Exporting Copper to Asia

Asia is still struggling from its financial meltdown of more than a year ago, and its copper scrap demand is still only about half its 1997 level, said Sam Lee, president of Sam Lee Enterprises Inc. (Westminster, Calif.). In Korea, for example, imports have fallen from more than 20,000 mt a month two years ago to just over 8,000 mt a month this year.

Though certain markets have recovered strongly, industrial and residential construction continue to lag, Lee said. Nevertheless, the market for copper scrap is showing signs of improvement. In his view, the copper scrap export business to Asia will come back “stronger than ever” within six months to a year because “the Asian market is and always will be a net importer of copper scrap.”

Looking at China and Hong Kong, Lee explained that following years of active trade, the Chinese government recently imposed new import restrictions that have temporarily shut down scrap shipments into China. There were several reasons behind this action, he said, with the net result being a “nightmare” for both buyers and sellers, with literally tens of thousands of containers held up at Chinese ports.

According to Lee, Chinese government officials found containers that were misdeclared and mislabeled, thus causing further delays.

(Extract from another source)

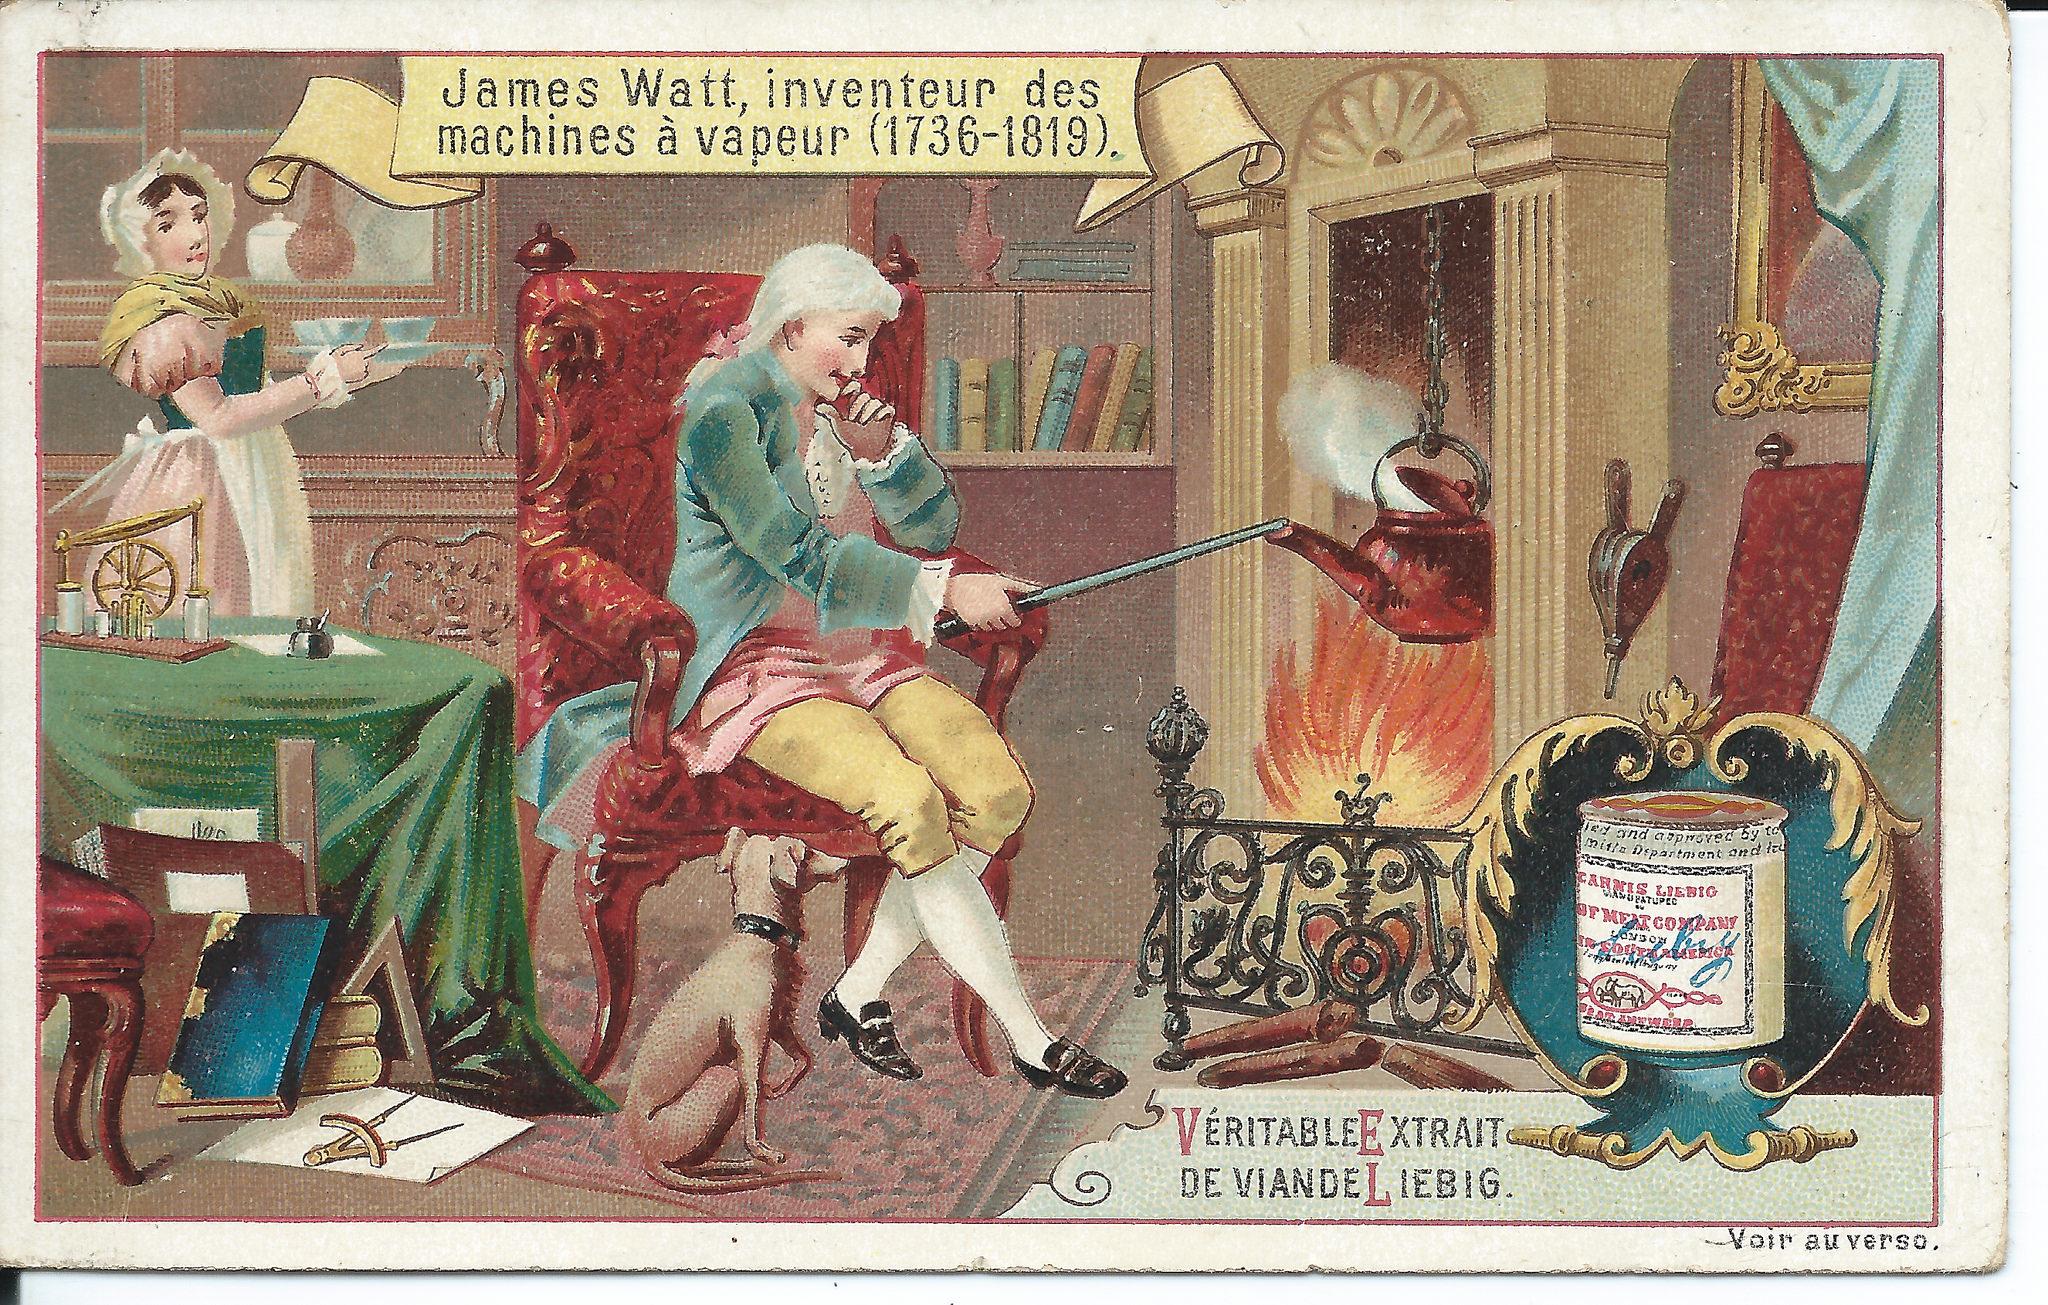 James Watt, inventor of the steam engine

To discourage false importation of scrap metal, the government took several steps, such as increasing import duties and restricting licenses. The market, he said, hasn’t yet improved enough to offset these added costs. The bigger problem, he added, would be the devaluation of the Chinese currency.

The problems experienced in China caused what Lee termed an “overflow” of copper scrap throughout Asia. With fewer markets available, suppliers have been forced to make “cheap sales” to Korea and Japan, which he called “the only viable markets left in Asia.” In fact, many scrap traders are making “desperate sales” to maintain cash flow and limit inventory holdings, Lee said.

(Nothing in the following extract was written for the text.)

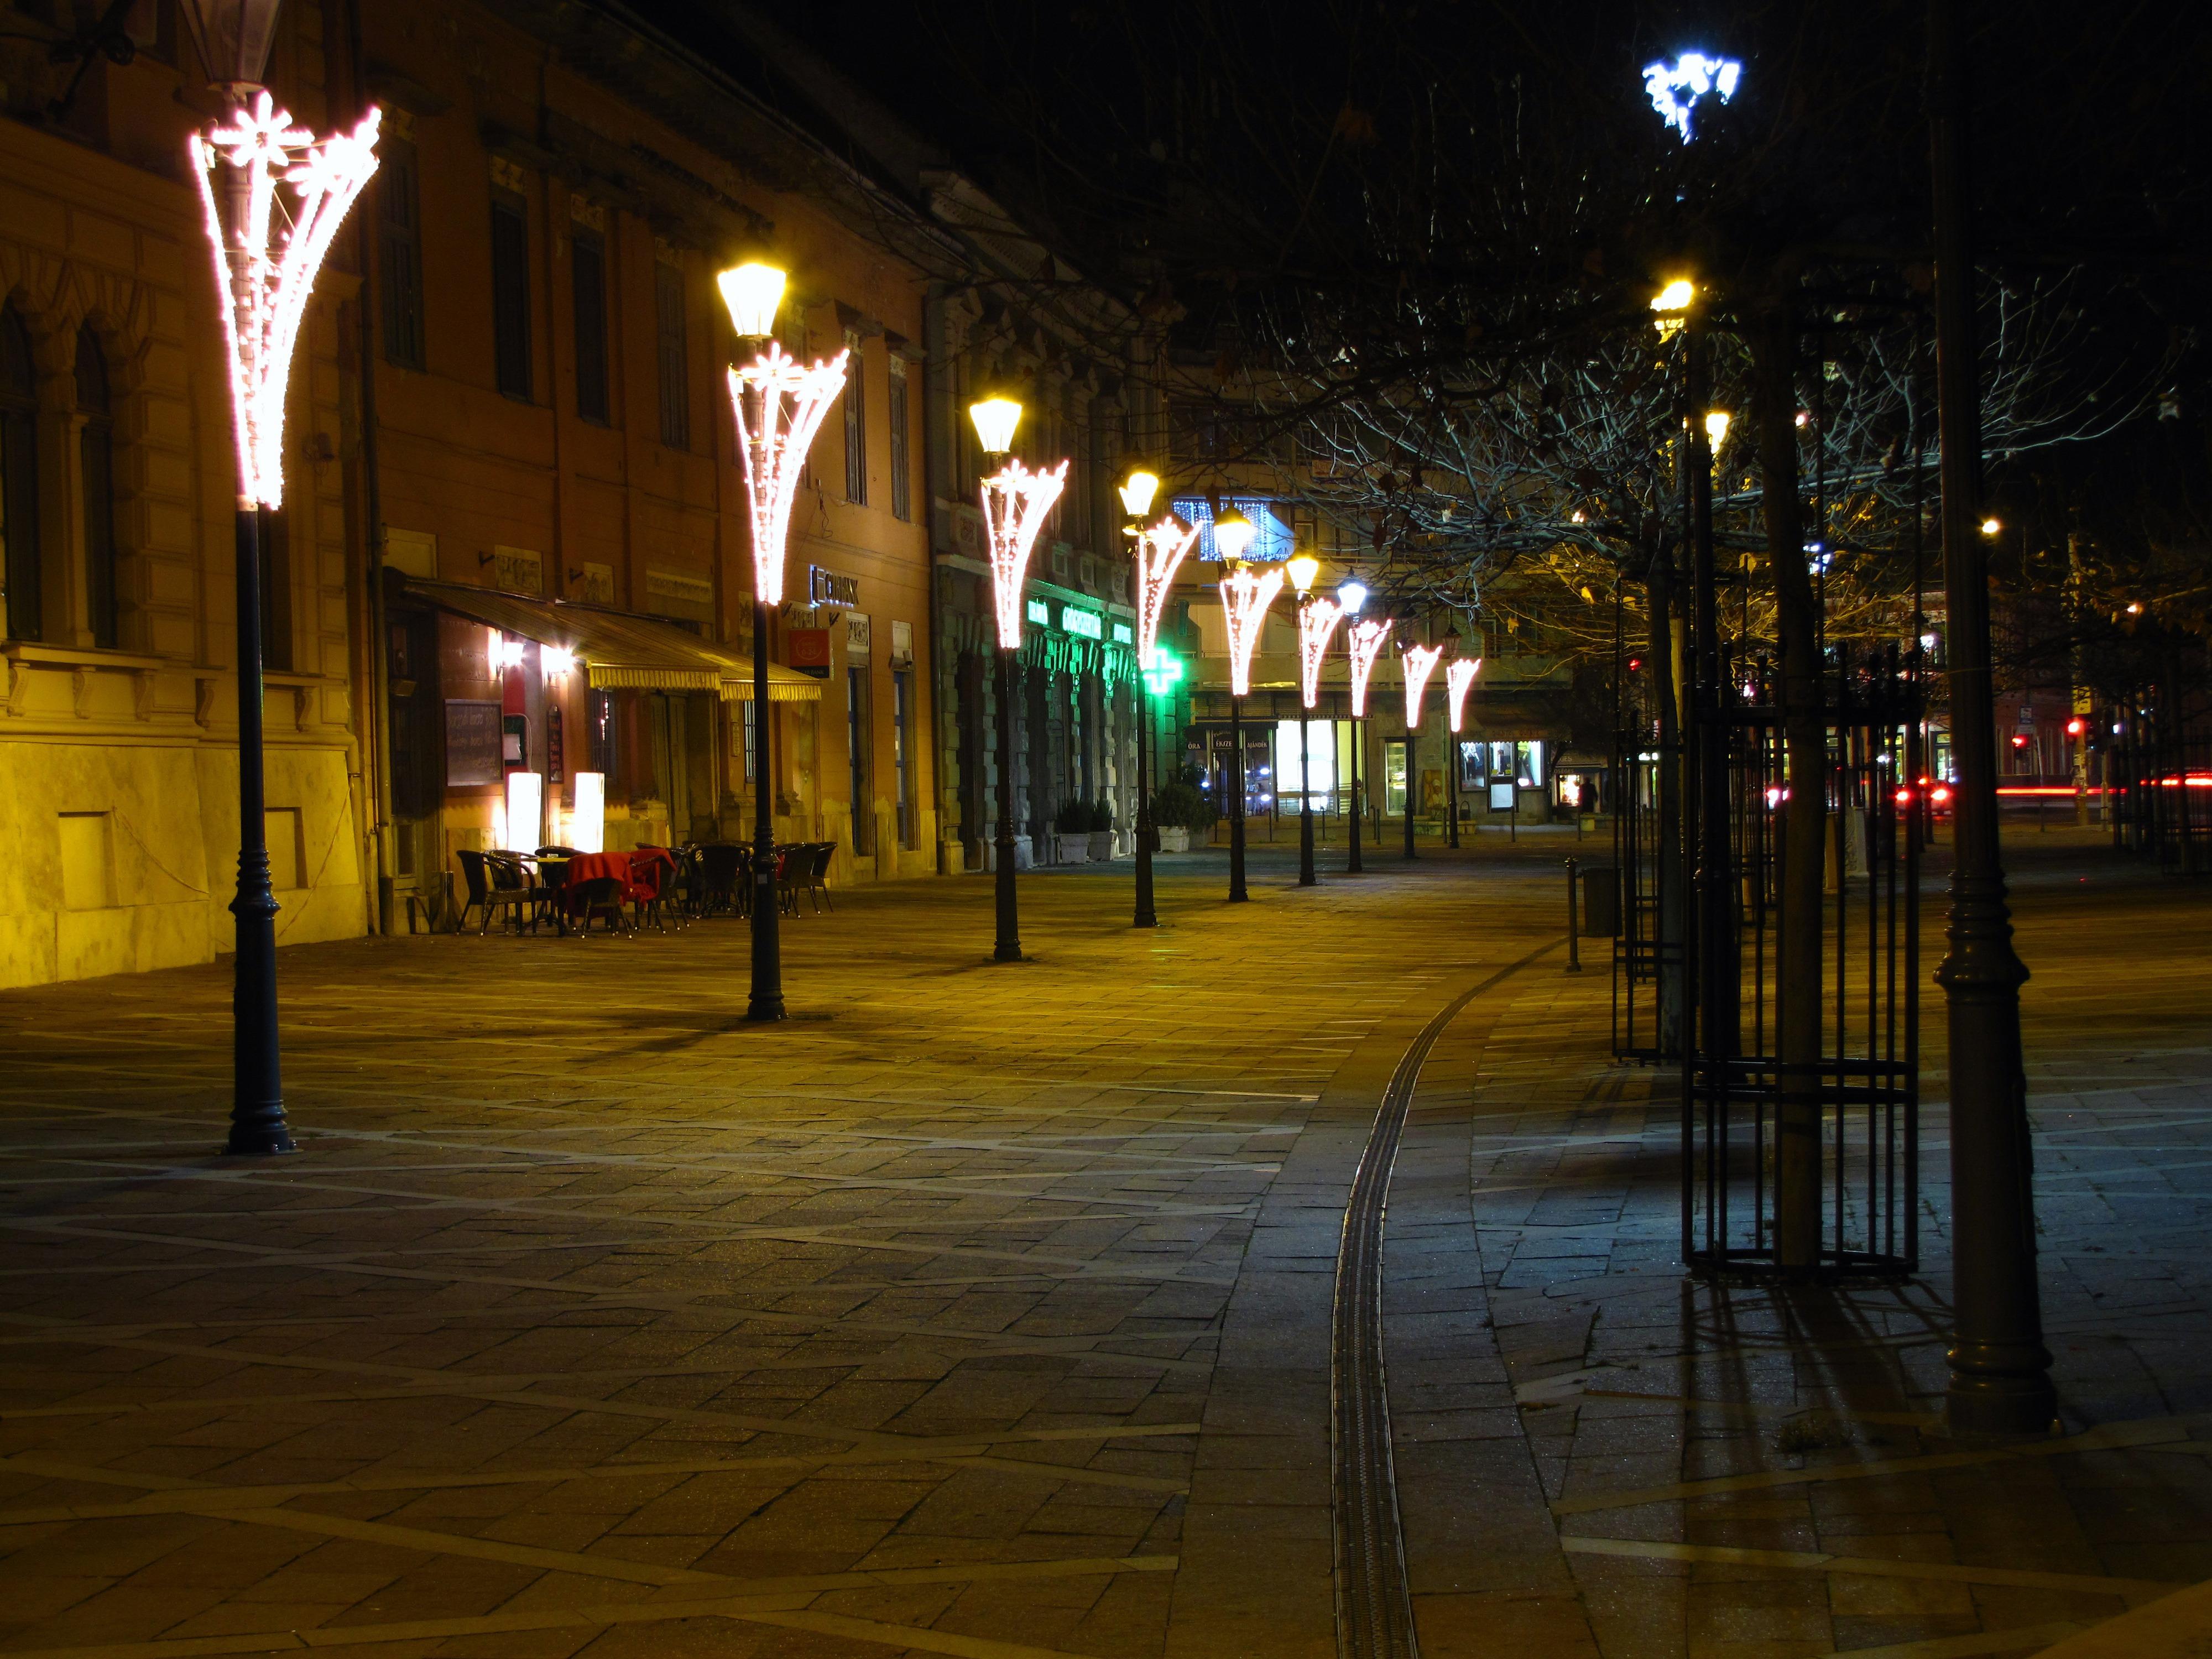 Gambar Cahaya Pemandangan Kota Pusat Kota Lampu Jalan

Despite the challenges to remaining a credible supplier, Lee recommended that exporters ought to think in terms of being long-term shippers to China to maintain market share. 

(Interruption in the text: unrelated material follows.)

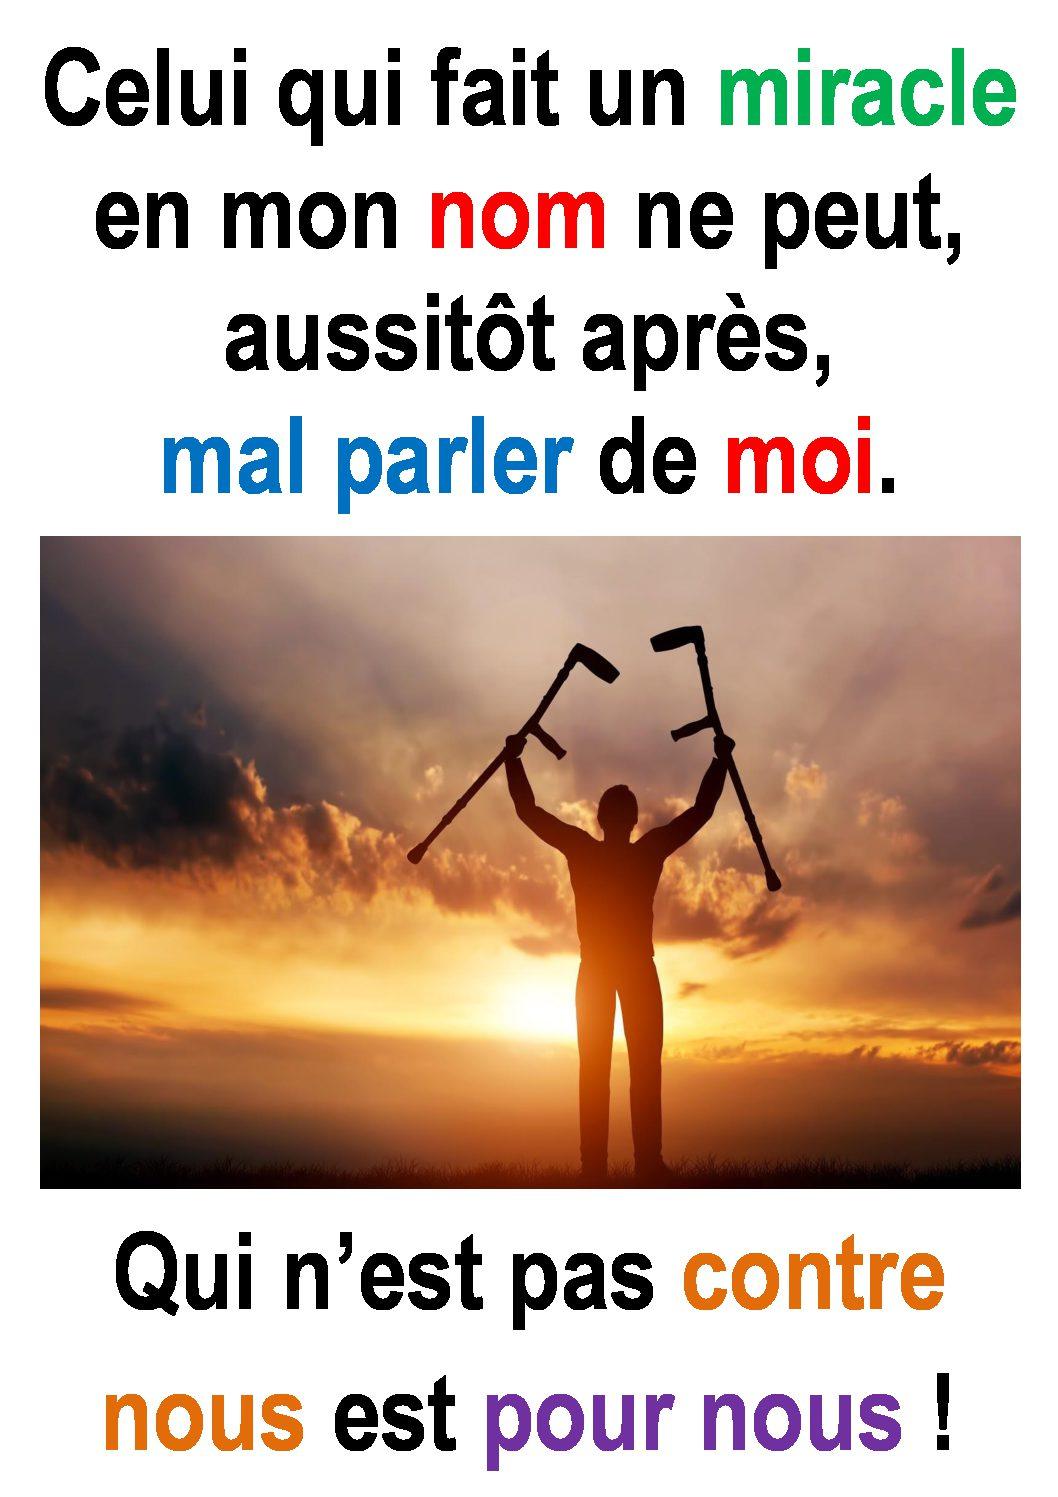 26ième Dimanche du Temps Ordinaire – par Francis COUSIN (Marc 9, 38-43.45.48)

Contracts, he explained, are done year-round at fixed quantities, but allowances are made for premiums to be adjusted every quarter. Most contract business is based on the LME or Comex, though the LME is the preferred reference for most Asian business, Lee said.

In addition to price considerations, quality concerns have increased dramatically in the past few years. Importers who may have once preferred price over quality have changed and will now reject material that they previously just downgraded. Resolving a claim quickly is the best way to keep one’s standing and reputation with customers, observed Lee.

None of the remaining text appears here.